What exactly does the design of such an energy storage system look like?
The battery storage system is located in a hall at Lake Hengstey in Herdecke where RWE is already operating another storage unit made of about 550 lithium-ion batteries. The new system comprises 60 drive batteries removed from Audi e-tron models. They each weigh some 700 kilos, measure just over 2 by 1.5 metres and have a capacity of 100 kilowatt hours (kWh). We’ve connected the modules in series, bringing the system’s total capacity to 4.6 megawatt hours (MWh). Plus, it’s connected to the other battery store.

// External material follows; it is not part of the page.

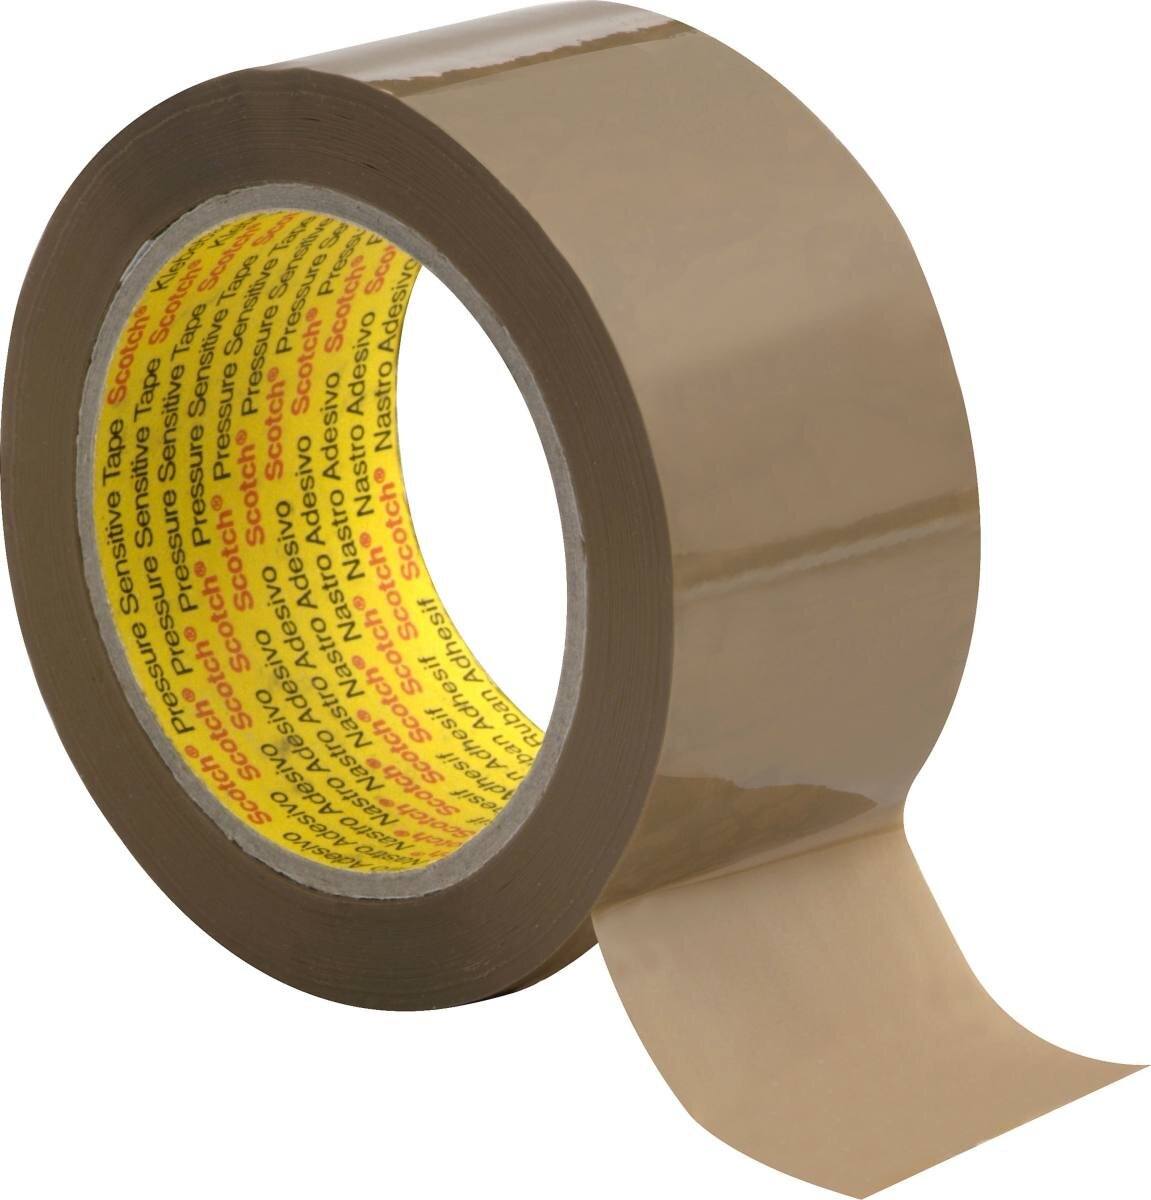 3M Scotch packaging tape 3739, brown, 50 mm x 990 m, 0.056 mm

This enables us to store a lot of electricity during short generation spikes and put it onto the system as needed.
Storage solutions are becoming increasingly important as the energy transition and the expansion of renewble energy progress. How can one put second life technology to use?
On principle, storage systems made of second life batteries can be used whenever there ia a threat of brief bottlenecks on the grid. However, using them in large-scale indutrial plants can also be beneficial, as they can be activated during periods of high consumption, for example.
Do all car batteries lend themselves to this?
It’s important for them to have enough remaining capacity. Furthermore, it’s best for the batteries of a storage system to share the same design to ensure equal cell voltage. This is still challenging, because there aren’t many second life batteries right now. But this will change soon, once there are more EVs on the road. This is why we’re already beginning to research this technology.
How long can batteries be used before their capacity drops off too much?
This is one of the questions we seek to answer with Lazarus. Right now, we believe that their service life can be extended for a maximum of ten years. In addition, individual storage modules can be swapped out earlier. But the longer the battery’s second life, the smaller the carbon footprint of every kilometre travelled by the electric vehicle.